The Portland Pilots is the nickname for athletics at the University of Portland. The Pilots compete in the West Coast Conference (WCC) at the NCAA Division I level.

History 
The Pilots started to gain attention when Clive Charles began coaching the women's soccer team in 1989. He already had been the men's soccer coach since 1986, and he continued to coach both teams until his death in 2003. He was replaced by Bill Irwin. The women's soccer team won national championships in 2002 and 2005 and were led by numerous national-level players (see "notable alumni athletes" section). Additionally, the men's soccer team has been to the College Cup twice in its history: 1988 and 1995.

In addition to soccer, UP consistently has one of the top cross country programs in the nation. Their men's team, coached by Rob Conner, won their 34th overall West Coast Conference championship in October 2014. The men's team has qualified for the NCAA Men's Division I Cross Country Championship a total of eighteen times, making their first appearance in 1993. The team has finished among the top 10 eight times in its history. The Pilots placed 7th in 2001, 2008, and 2013. The Pilots finished 3rd in 2014 and 2018 as well as 2nd in 2017, which was their highest ever finish. In 2008, David Kinsella finished 4th overall, the highest any Pilot has ever placed individually at the national championships. The men's team has won the NCAA West Regional four times in their history: in 1993, 2017, 2018, and 2019. Through 2017, a total of eighteen Pilots have earned All-American honors in cross country, including Scott Fauble, Alfred Kipchumba, Trevor Dunbar, Pete Julian, Uli Steidl, Joe Driscoll, Reid Buchanan, and John Moore. Rob Conner also heads the Pilots' Indoor and Outdoor Track & Field teams, and has coached 25 All-Americans in distance events ranging from the mile to the 10,000m run. Several Pilots have competed at the U.S. Olympic Trials under coach Conner, including William "Woody" Kincaid in the 5,000m in 2016, and John Moore and Michael Kilburg in 10,000m in 2008.
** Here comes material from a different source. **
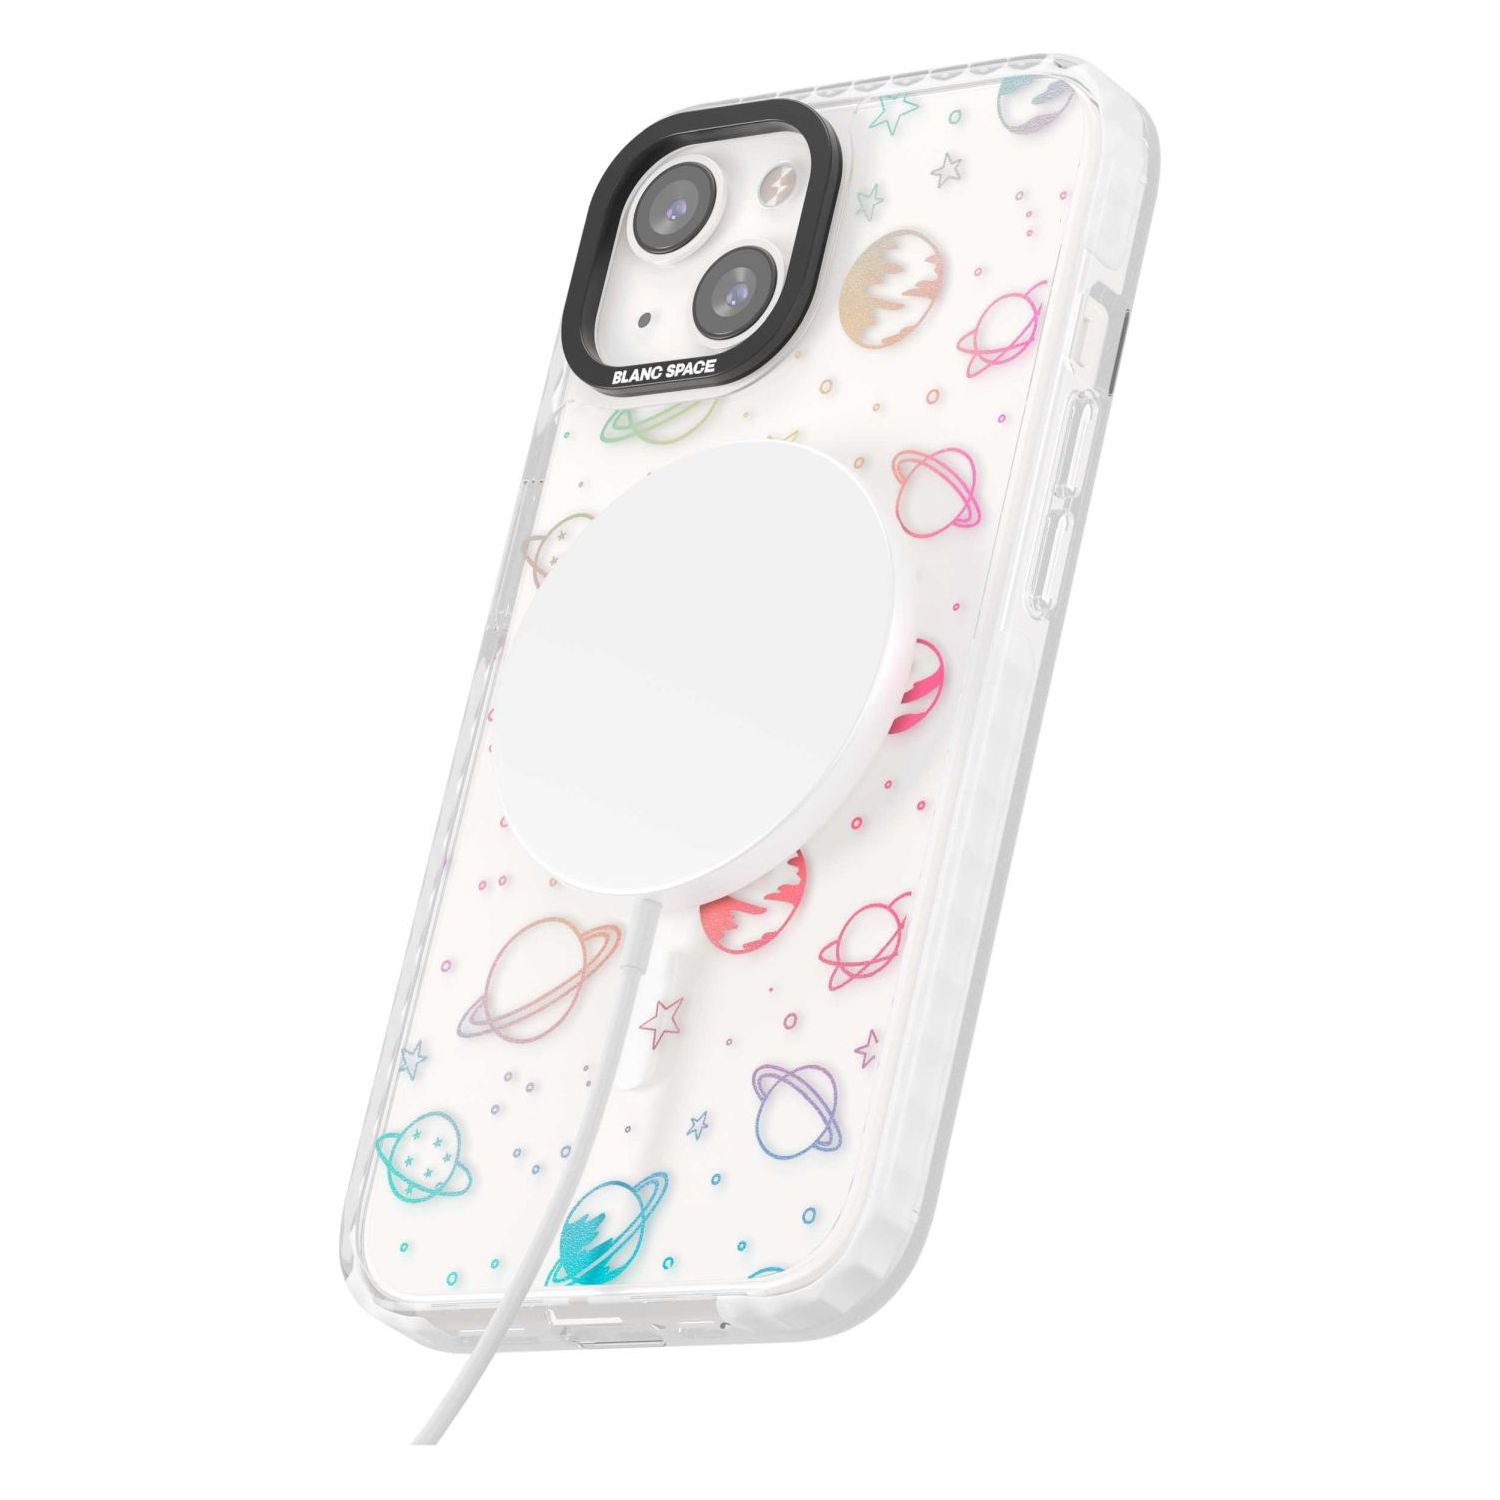 Cosmic Outer Space Design Pastels on Clear Phone Case iPhone 15 Pro Max / Black Impact Case,iPhone 15 Plus / Black Impact Case,iPhone 15 Pro / Black Impact Case,iPhone 15 / Black Impact Case,iPhone 15 Pro Max / Impact Case,iPhone 15 Plus / Impact Case,iPhone 15 Pro / Impact Case,iPhone 15 / Impact Case,iPhone 15 Pro Max / Magsafe Black Impact Case,iPhone 15 Plus / Magsafe Black Impact Case,iPhone 15 Pro / Magsafe Black Impact Case,iPhone 15 / Magsafe Black Impact Case,iPhone 14 Pro Max / Black Impact Case,i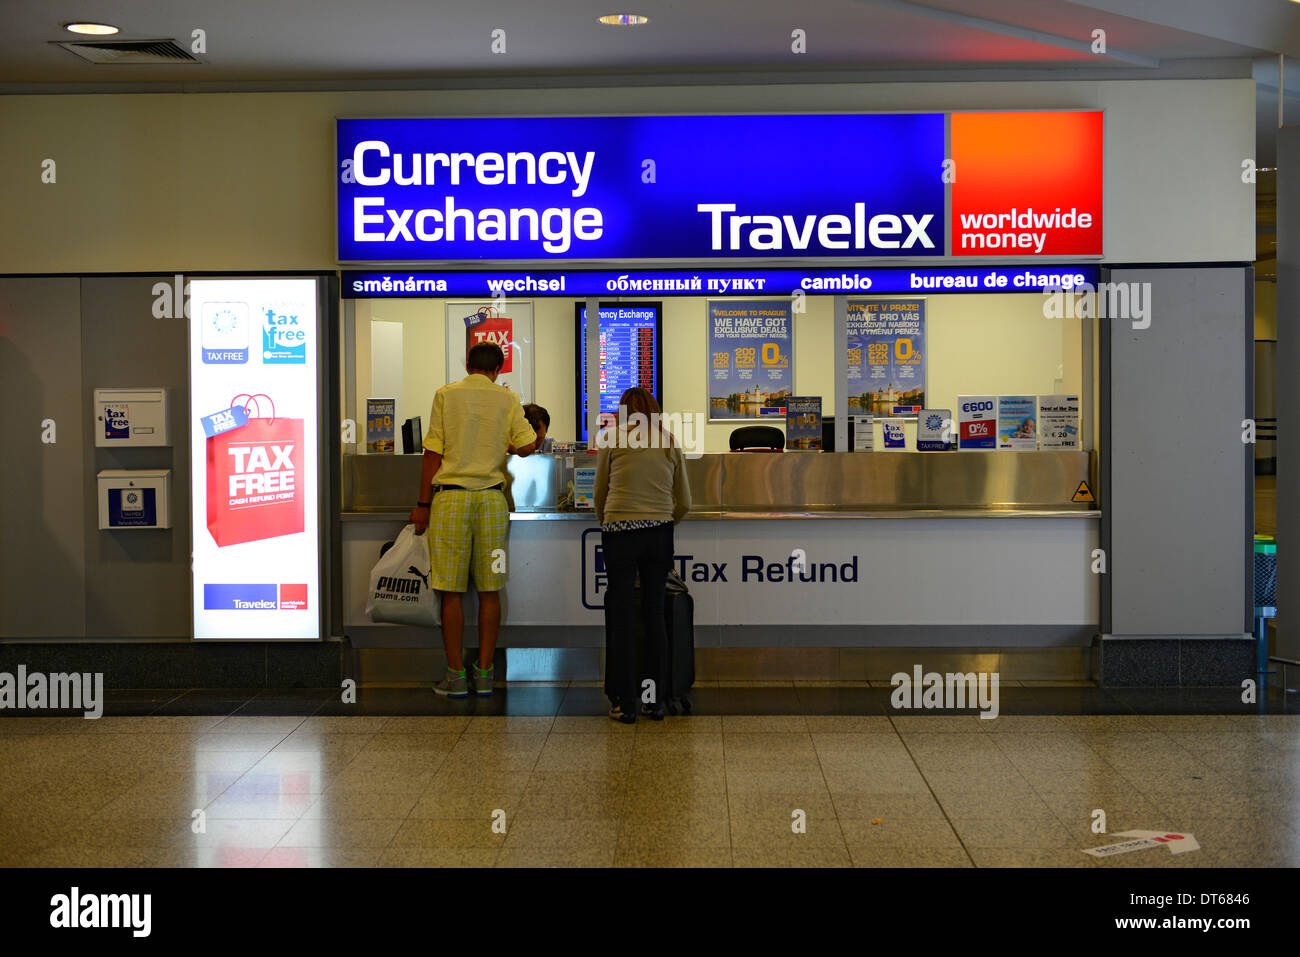 Currency exchange praque czech republic airport money taxes refund Stock Photo: 66520950 - Alamy

The Pilots have had limited success in other sports. The men's basketball team has gone to the NCAA tournament twice (1959 and 1996). Their women's basketball team has gone to the NCAA Tournament four times (1994-1997), qualified for the cancelled 2020 NCAA Tournament, and participated in the WNIT three times (1998, 2009, and 2022). Their baseball team has also gone to the NCAA tournament five times (1957, 1958, 1979, 1989, and 1991). Their volleyball team also made the postseason for the first time in 2018 after qualifying for the National Invitational Volleyball Championship.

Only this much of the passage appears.